若该点不是割点,删除并不会影响图的连通性,所以答案为\(2*(n-1)\)

#include <bits/stdc++.h>
using namespace std;

#define ll long long
#define fastio ios::sync_with_stdio(false),cin.tie(NULL),cout.tie(NULL)

const int maxn = 1e6 + 10;

struct edge {
	int to, next;
}e[maxn << 1];

int head[maxn], edge_cnt;

inline void add(int from,int to)
{
	e[++edge_cnt] = { to,head[from] };
	head[from] = edge_cnt;
}

int dfn[maxn], low[maxn], num;
ll ans[maxn], siz[maxn];
bool cut[maxn];

int n, m;

void tarjan(int from)
{
	dfn[from] = low[from] = ++num; siz[from] = 1;
	ans[from] = 0;
	int flag = 0;
	ll sum = 0;
	for (int i = head[from]; i != -1; i = e[i].next)
	{
		int to = e[i].to;
		if (!dfn[to])
		{
			tarjan(to);
			siz[from] += siz[to];
			low[from] = min(low[from], low[to]);
			if (low[to] >= dfn[from])
			{
				flag++;
				ans[from] += siz[to] * (n - siz[to]);
				sum += siz[to];
				if (from != 1 || flag > 1)
					cut[from] = 1;
			}
		}
		else
			low[from] = min(low[from], dfn[to]);
	}
	if (cut[from])
		ans[from] += (n - 1) + (n - sum - 1) * (sum + 1);
	else
		ans[from] = 2 * (n - 1);
}

int main() 
{
	fastio;
	cin >> n >> m;
	memset(head, -1, sizeof(head));
	while (m--)
	{
		int x, y;
		cin >> x >> y;
		if (x == y)continue;
		add(x, y), add(y, x);
	}
	num = 0;
	tarjan(1);
	for (int i = 1; i <= n; i++)
		cout << ans[i] << endl;
	return 0;
}

②Mr.
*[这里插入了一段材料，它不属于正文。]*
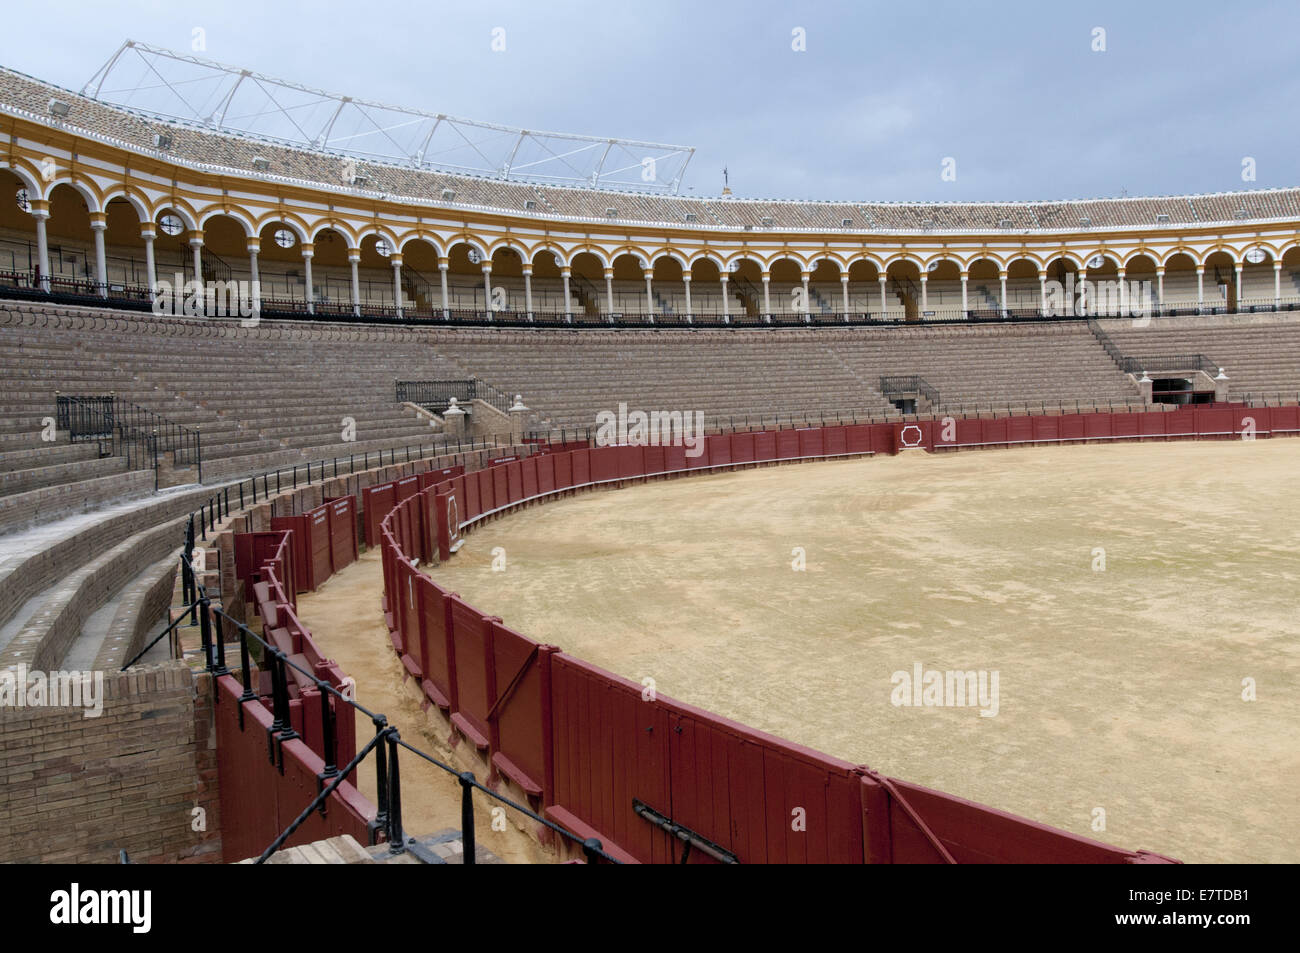 Seville bull fighting ring Stock Photo

Young's Picture Permutations(线性dp)

dp[a][b][c][d][e]表示从第一行到第五行分别的a、b、c、d、e人的合法状态集合的大小,每次转移可以这样理解:
将上一状态所有已排好人的身高全部++,然后在你需要转移的位置(选取的行的末尾)插入一个大小为1的人也合法。
(因为行人数从1到5逐行不升)
状态转移方程:太多了看代码

#include <bits/stdc++.h>
using namespace std;

#define ll long long
#define fastio ios::sync_with_stdio(false),cin.tie(NULL),cout.tie(NULL)
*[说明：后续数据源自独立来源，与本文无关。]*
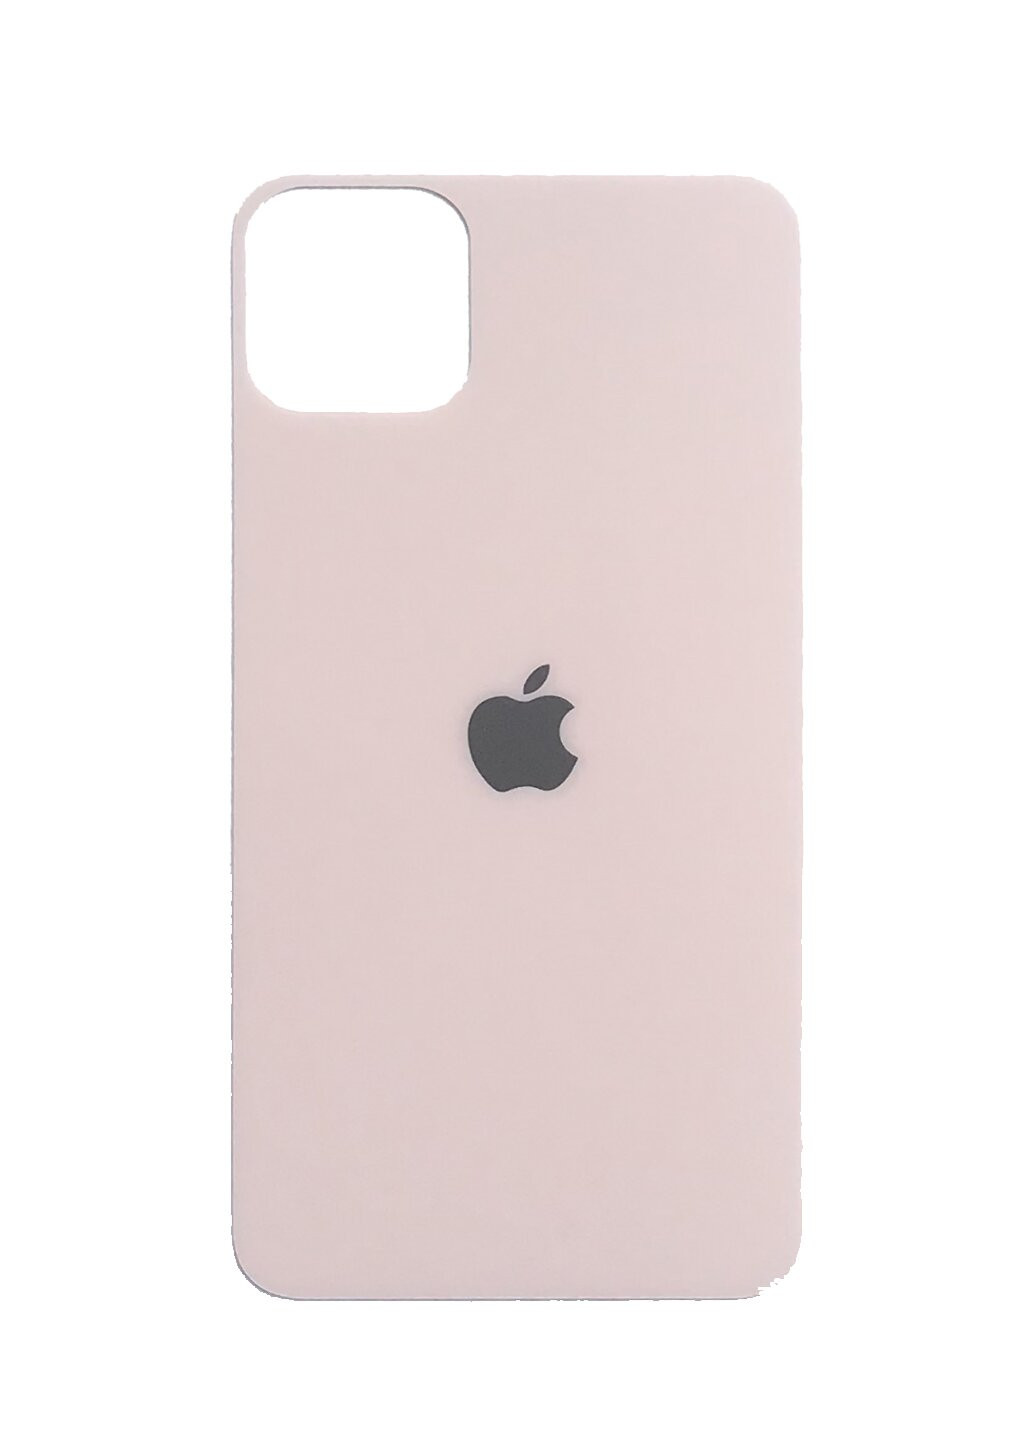 Стекло защитное на заднюю панель цветное матовое для iPhone 11 Gold CAA (220514067)

const int maxn = 1e6 + 10;

ll dp[31][31][31][31][31];

int main()
{
	fastio;
	int k;
	while (cin >> k, k)
	{
		int s[6] = { 0 };
		for (int i = 1; i <= k; i++)cin >> s[i];
        memset(dp,0,sizeof(dp));
		dp[0][0][0][0][0] = 1;
		for (int a = 0; a <= s[1]; a++)
			for (int b = 0; b <= min(a, s[2]); b++)
				for (int c = 0; c <= min(b, s[3]); c++)
					for (int d = 0; d <= min(c, s[4]); d++)
						for (int e = 0; e <= min(d, s[5]); e++)
						{
							ll& x = dp[a][b][c][d][e];
							if (a && a - 1 >= b) x += dp[a - 1][b][c][d][e];
							if (b && b - 1 >= c) x += dp[a][b - 1][c][d][e];
							if (c && c - 1 >= d) x += dp[a][b][c - 1][d][e];
							if (d && d - 1 >= e) x += dp[a][b][c][d - 1][e];
							if (e) x += dp[a][b][c][d][e - 1];
						}
		cout << dp[s[1]][s[2]][s[3]][s[4]][s[5]] << endl;
	}
	return 0;
}

③LCIS(线性dp)

以dp[i][j]并不能表示以a[i]和b[j]结尾的两串的最长LCIS,因为这里为了避免重复转移(如果根据\(LCS\)转移方程当a[i]!=b[j]时\(dp[i][j] = max(dp[i - 1][j],dp[i][j-1])\),当\(a[i]=2,b[j1]=b[j2]=2\)时,会在a[i]==b[j]的转移中重复转移。因此转移只能dp[i][j]=dp[i-1][j]。之前得到的最长dp不一定能转移到dp[n][n].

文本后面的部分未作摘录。